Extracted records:
--- START ---

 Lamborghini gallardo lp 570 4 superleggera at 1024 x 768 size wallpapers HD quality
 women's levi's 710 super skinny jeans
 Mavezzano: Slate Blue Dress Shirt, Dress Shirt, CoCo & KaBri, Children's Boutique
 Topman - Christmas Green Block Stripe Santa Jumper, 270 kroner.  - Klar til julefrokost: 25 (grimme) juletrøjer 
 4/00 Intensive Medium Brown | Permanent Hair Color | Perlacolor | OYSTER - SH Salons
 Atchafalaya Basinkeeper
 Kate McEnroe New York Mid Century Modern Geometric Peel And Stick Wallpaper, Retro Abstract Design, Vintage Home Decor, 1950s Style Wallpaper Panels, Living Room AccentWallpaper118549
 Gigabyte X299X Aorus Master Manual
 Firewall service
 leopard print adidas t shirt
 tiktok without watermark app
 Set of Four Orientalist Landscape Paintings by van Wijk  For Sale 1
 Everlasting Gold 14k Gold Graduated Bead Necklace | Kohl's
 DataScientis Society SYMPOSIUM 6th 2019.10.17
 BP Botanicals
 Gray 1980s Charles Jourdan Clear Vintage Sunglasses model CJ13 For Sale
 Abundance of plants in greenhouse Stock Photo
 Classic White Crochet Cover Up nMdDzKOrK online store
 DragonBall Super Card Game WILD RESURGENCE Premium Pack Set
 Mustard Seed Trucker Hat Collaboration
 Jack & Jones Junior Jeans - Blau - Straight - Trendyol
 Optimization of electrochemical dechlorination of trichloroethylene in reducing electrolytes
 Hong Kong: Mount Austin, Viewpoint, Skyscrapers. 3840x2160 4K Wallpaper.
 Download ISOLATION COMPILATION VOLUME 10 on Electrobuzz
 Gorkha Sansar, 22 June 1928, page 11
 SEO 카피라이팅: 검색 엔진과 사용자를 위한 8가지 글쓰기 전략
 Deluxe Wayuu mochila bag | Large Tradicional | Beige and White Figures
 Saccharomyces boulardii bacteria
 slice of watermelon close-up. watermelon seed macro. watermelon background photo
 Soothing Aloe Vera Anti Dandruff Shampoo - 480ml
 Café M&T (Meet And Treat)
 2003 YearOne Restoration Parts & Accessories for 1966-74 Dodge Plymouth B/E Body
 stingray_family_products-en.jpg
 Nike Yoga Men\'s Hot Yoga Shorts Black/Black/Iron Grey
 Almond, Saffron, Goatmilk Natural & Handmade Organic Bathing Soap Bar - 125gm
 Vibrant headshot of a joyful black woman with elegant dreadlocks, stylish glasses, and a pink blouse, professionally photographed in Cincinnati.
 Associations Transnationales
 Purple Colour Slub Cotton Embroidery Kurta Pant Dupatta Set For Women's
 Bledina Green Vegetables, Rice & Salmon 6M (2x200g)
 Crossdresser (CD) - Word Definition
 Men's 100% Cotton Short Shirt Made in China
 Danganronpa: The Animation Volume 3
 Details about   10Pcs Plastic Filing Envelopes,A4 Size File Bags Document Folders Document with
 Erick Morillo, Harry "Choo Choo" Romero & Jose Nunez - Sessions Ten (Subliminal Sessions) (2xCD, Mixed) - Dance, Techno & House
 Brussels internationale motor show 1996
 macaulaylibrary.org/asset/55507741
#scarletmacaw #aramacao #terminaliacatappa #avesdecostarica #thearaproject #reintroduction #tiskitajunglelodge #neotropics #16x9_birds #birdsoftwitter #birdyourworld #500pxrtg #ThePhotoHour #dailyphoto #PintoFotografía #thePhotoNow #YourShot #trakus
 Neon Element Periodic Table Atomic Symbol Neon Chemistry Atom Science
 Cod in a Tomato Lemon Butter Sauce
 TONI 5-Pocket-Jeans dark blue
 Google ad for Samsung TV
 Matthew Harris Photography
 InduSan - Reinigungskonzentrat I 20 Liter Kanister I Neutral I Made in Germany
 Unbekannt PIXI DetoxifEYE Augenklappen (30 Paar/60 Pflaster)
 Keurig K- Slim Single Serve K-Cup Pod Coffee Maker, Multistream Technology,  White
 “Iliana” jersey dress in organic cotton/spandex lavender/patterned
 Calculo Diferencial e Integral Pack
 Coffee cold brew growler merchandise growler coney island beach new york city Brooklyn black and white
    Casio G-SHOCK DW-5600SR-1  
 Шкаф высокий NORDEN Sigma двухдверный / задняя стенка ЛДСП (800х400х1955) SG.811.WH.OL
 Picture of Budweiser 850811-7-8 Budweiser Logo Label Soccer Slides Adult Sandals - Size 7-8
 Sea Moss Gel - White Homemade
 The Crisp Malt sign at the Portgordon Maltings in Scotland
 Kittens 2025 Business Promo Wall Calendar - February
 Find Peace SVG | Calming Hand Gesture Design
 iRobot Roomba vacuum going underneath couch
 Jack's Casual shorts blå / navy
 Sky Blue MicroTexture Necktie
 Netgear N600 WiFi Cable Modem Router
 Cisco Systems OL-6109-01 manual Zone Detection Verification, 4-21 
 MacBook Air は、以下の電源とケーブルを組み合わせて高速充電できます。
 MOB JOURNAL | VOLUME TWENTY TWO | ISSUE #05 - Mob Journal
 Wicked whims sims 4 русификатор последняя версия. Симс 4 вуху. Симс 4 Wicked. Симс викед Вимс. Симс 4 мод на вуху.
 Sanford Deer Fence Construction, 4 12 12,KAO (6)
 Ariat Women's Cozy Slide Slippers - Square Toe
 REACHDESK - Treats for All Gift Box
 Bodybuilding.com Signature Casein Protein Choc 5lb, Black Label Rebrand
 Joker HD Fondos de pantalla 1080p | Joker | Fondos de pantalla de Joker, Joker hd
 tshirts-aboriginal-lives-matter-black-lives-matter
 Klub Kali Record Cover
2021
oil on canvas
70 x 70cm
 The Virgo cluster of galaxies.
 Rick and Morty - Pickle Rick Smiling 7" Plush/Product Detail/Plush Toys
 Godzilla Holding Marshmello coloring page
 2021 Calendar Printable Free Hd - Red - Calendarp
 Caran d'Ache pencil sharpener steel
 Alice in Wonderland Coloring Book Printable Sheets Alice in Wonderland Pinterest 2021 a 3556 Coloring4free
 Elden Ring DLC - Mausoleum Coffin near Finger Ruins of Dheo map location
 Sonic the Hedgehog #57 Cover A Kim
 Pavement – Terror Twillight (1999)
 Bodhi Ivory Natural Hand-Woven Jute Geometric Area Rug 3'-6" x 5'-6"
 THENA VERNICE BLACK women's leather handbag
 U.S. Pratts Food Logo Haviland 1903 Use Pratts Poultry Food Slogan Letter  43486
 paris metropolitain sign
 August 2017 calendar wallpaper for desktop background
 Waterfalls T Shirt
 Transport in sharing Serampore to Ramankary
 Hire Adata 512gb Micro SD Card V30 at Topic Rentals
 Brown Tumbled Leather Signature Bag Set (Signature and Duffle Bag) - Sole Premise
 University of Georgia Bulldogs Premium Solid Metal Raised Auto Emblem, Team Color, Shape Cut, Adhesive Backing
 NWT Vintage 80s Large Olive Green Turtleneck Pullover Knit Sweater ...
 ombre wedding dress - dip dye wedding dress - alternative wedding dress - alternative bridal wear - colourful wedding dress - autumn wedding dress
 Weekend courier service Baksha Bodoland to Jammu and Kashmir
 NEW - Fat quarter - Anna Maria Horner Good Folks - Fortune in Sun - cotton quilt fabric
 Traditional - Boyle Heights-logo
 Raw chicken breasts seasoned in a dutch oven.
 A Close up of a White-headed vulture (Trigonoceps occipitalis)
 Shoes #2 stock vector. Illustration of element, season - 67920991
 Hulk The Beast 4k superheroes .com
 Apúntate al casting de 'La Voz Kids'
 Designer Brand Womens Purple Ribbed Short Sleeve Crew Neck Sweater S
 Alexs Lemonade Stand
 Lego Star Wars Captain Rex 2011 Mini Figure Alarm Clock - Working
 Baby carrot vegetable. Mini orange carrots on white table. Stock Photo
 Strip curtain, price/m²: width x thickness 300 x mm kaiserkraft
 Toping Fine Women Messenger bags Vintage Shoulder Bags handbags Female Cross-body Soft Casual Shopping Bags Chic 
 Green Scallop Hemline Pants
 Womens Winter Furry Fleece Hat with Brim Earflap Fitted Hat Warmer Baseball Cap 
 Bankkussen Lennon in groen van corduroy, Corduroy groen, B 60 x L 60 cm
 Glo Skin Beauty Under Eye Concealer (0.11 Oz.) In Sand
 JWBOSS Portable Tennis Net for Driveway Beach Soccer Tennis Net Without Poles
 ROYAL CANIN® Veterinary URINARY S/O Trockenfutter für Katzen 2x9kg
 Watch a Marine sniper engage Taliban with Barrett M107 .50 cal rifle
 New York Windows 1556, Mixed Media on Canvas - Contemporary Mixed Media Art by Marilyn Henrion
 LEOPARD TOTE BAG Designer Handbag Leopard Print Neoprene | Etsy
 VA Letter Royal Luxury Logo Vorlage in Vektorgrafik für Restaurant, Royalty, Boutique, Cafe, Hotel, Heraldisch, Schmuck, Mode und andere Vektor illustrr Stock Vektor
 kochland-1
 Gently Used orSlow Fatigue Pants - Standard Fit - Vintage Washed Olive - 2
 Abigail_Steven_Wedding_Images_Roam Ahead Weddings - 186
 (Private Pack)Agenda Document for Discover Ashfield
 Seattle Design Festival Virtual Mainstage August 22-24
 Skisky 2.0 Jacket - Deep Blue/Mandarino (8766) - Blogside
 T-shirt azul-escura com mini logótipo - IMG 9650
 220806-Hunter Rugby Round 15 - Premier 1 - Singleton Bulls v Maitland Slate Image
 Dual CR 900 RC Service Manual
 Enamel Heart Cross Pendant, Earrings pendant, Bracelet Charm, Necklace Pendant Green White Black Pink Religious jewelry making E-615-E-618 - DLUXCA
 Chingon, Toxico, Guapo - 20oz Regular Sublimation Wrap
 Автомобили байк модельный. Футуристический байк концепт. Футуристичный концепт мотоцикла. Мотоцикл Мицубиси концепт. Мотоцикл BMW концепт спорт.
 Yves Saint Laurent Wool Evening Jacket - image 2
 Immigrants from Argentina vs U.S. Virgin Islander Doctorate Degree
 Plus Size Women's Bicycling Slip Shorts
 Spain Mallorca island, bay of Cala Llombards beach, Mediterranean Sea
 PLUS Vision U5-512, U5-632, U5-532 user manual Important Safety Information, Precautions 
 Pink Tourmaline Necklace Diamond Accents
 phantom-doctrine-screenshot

--- END ---

→ **What you are asked to do**
Within these records, how many lines include the word "Printable"? The reply should be that number alone.

→ **Output for this task**
2